— What to work on —
Would you return, word for word, the lines running from the one with "ニチレイフーズ総合商品カタログ2020 業務用 冷凍・常温商品" to the final line of the listing below, pictures omitted?
Start of Provided material
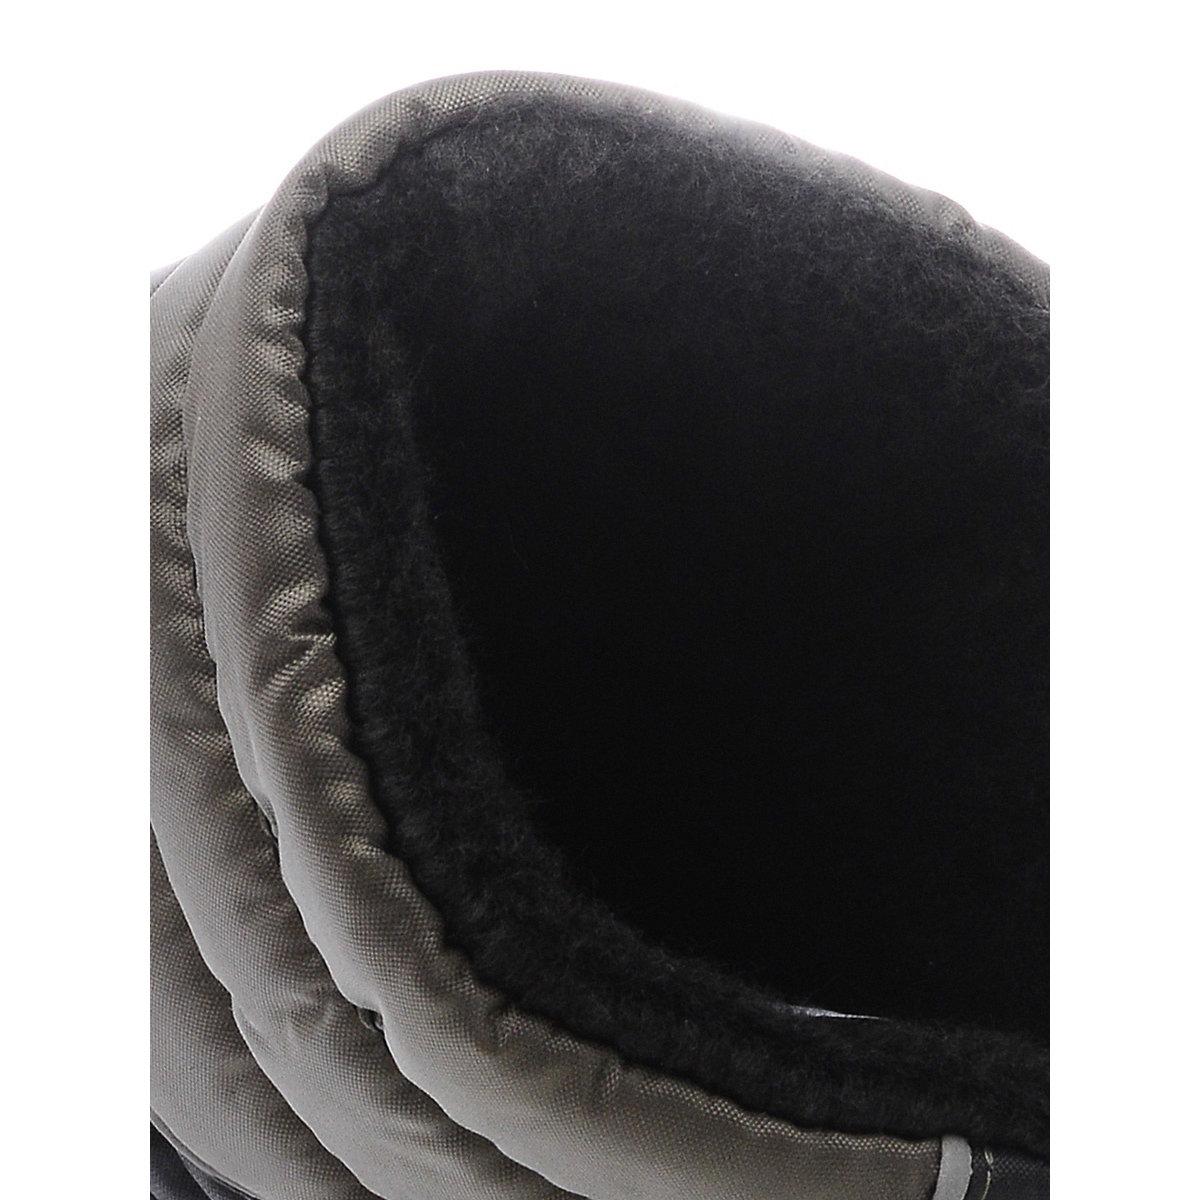 555-02 Сапоги Дюна Сноубутсы оптом хаки/черный, размеры 34-41
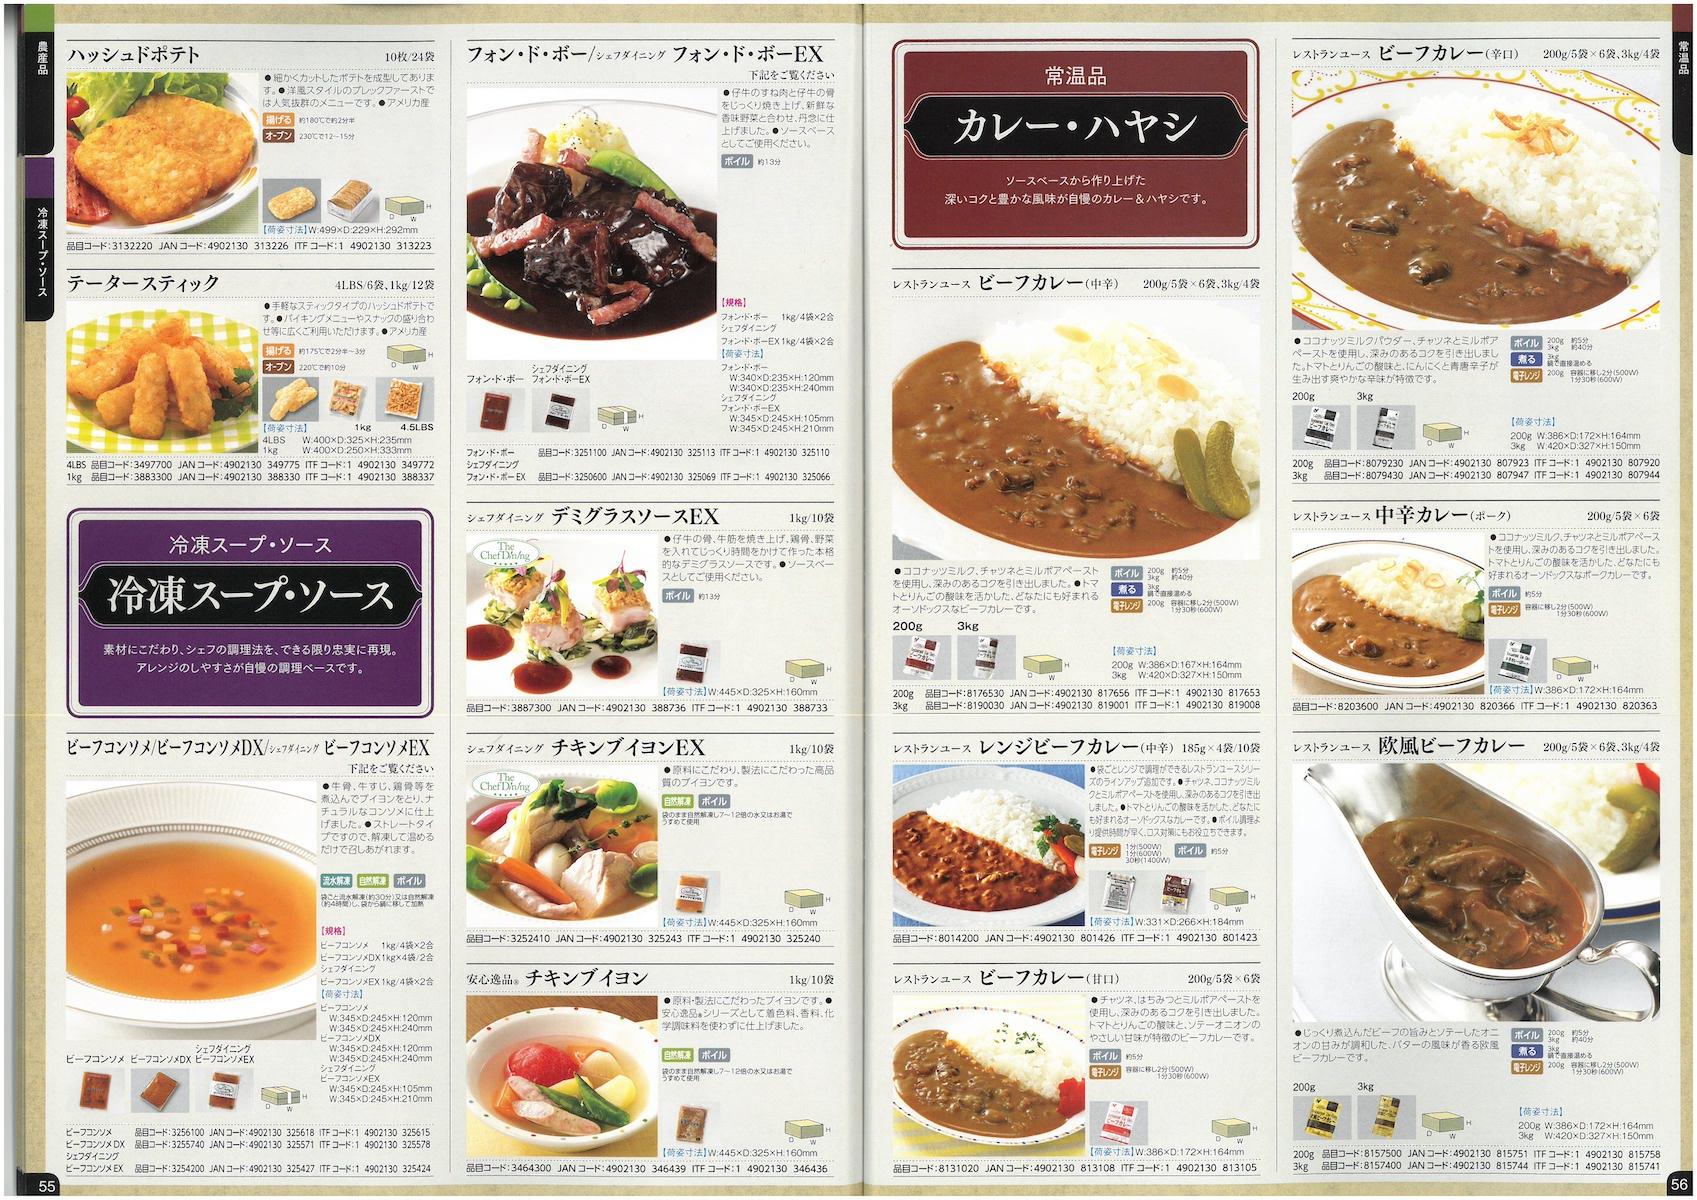 ニチレイフーズ総合商品カタログ2020 業務用 冷凍・常温商品 NICHIREI CATALOG2020
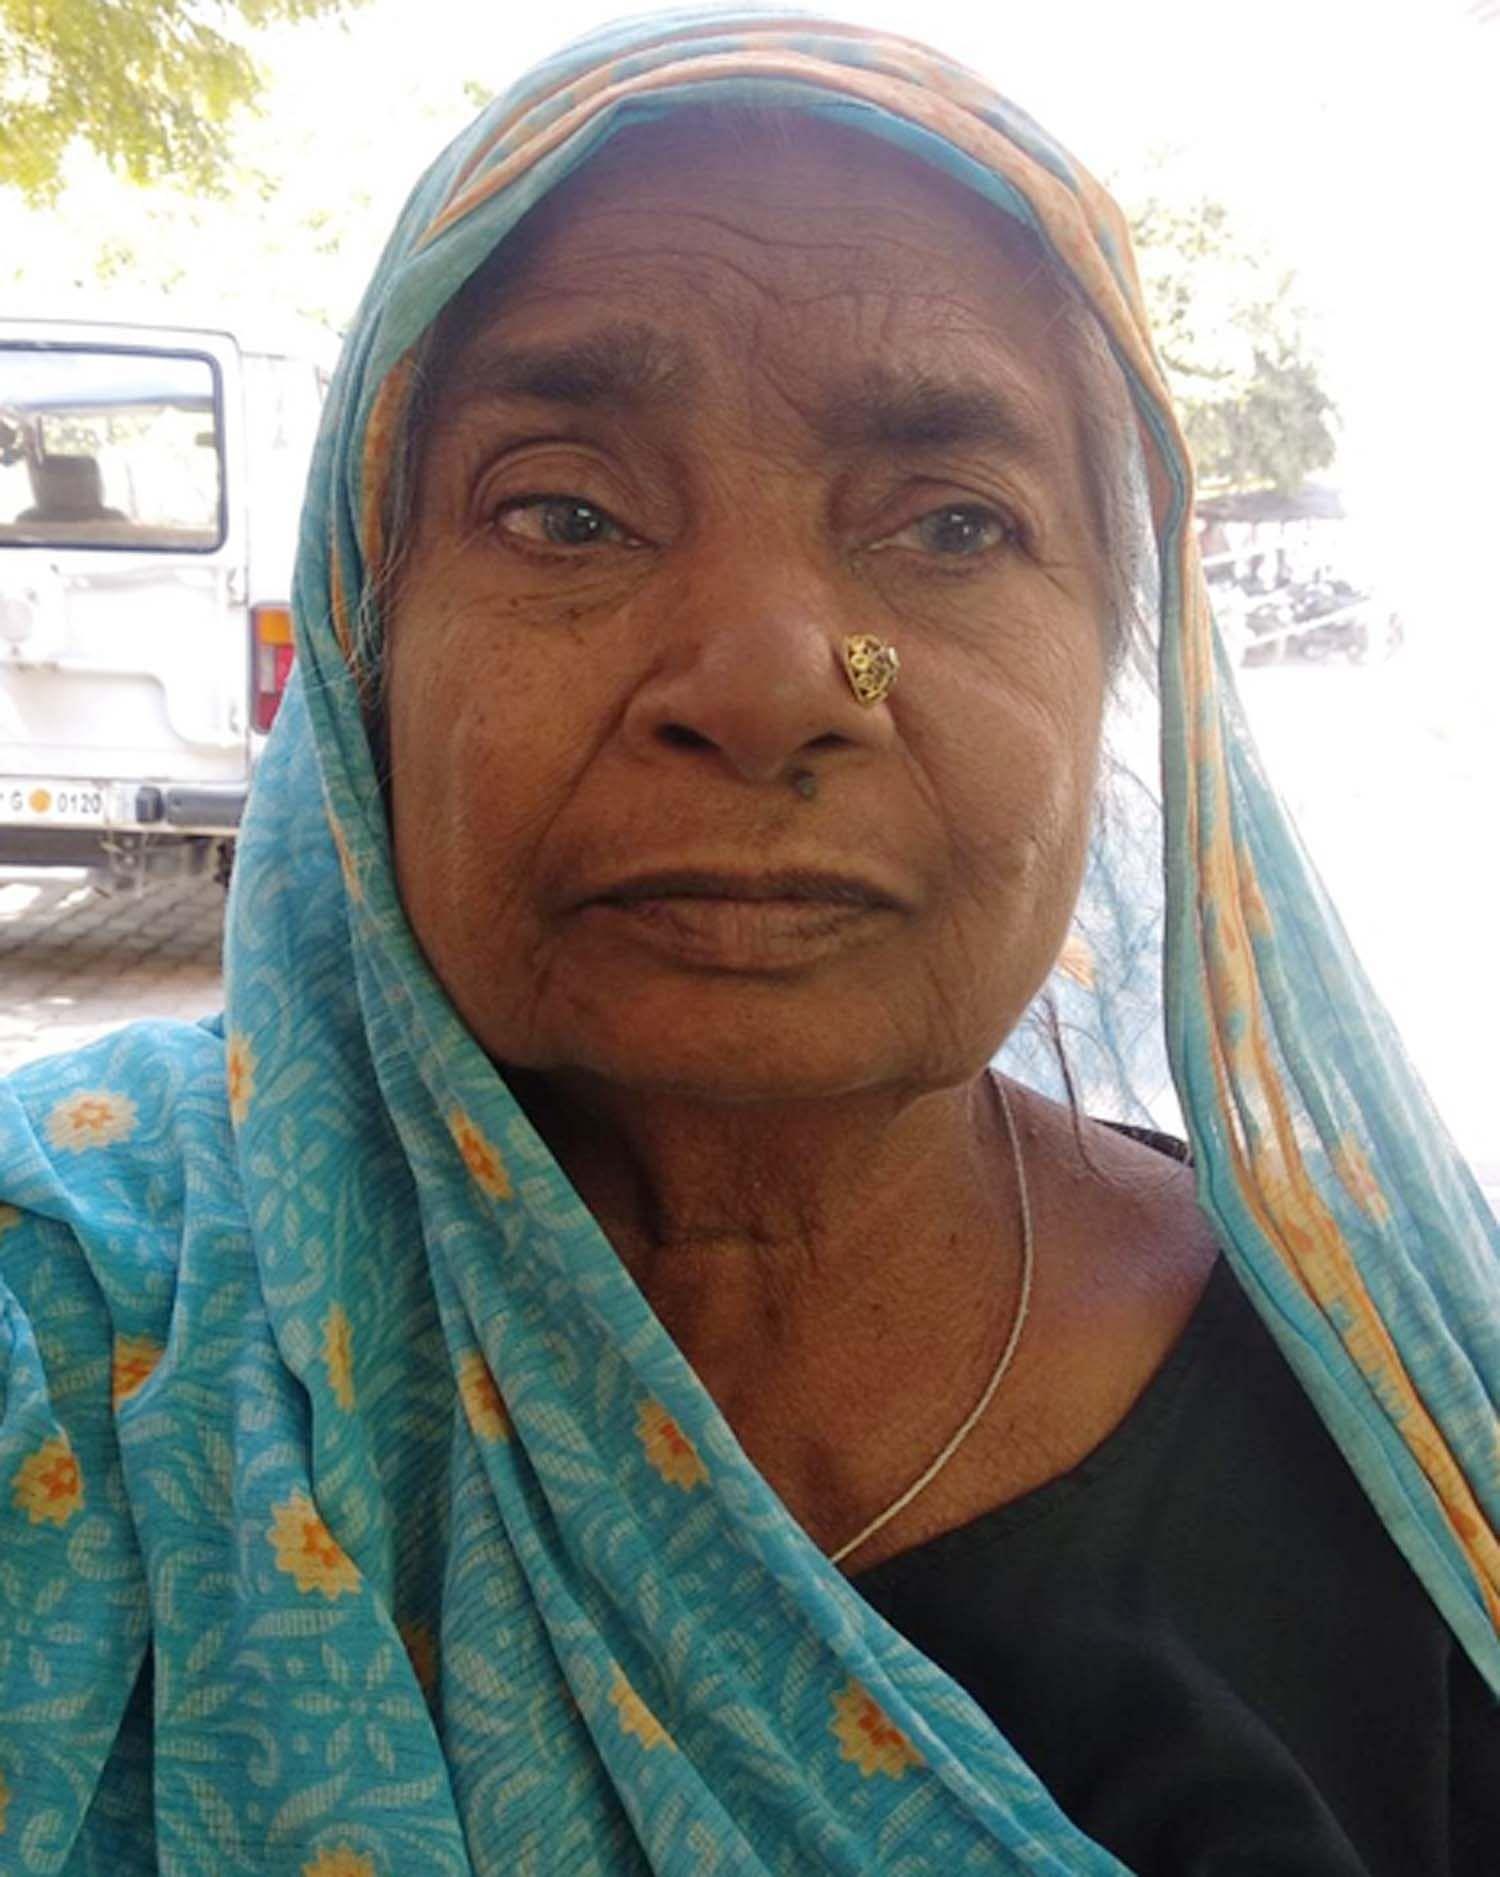 राठ तहसील में अपनी व्यथा बताती अधिकारियों द्वारा मृत दिखाई गई वृद्धा
End of Provided material
— Final answer —
 ニチレイフーズ総合商品カタログ2020 業務用 冷凍・常温商品 NICHIREI CATALOG2020
 राठ तहसील में अपनी व्यथा बताती अधिकारियों द्वारा मृत दिखाई गई वृद्धा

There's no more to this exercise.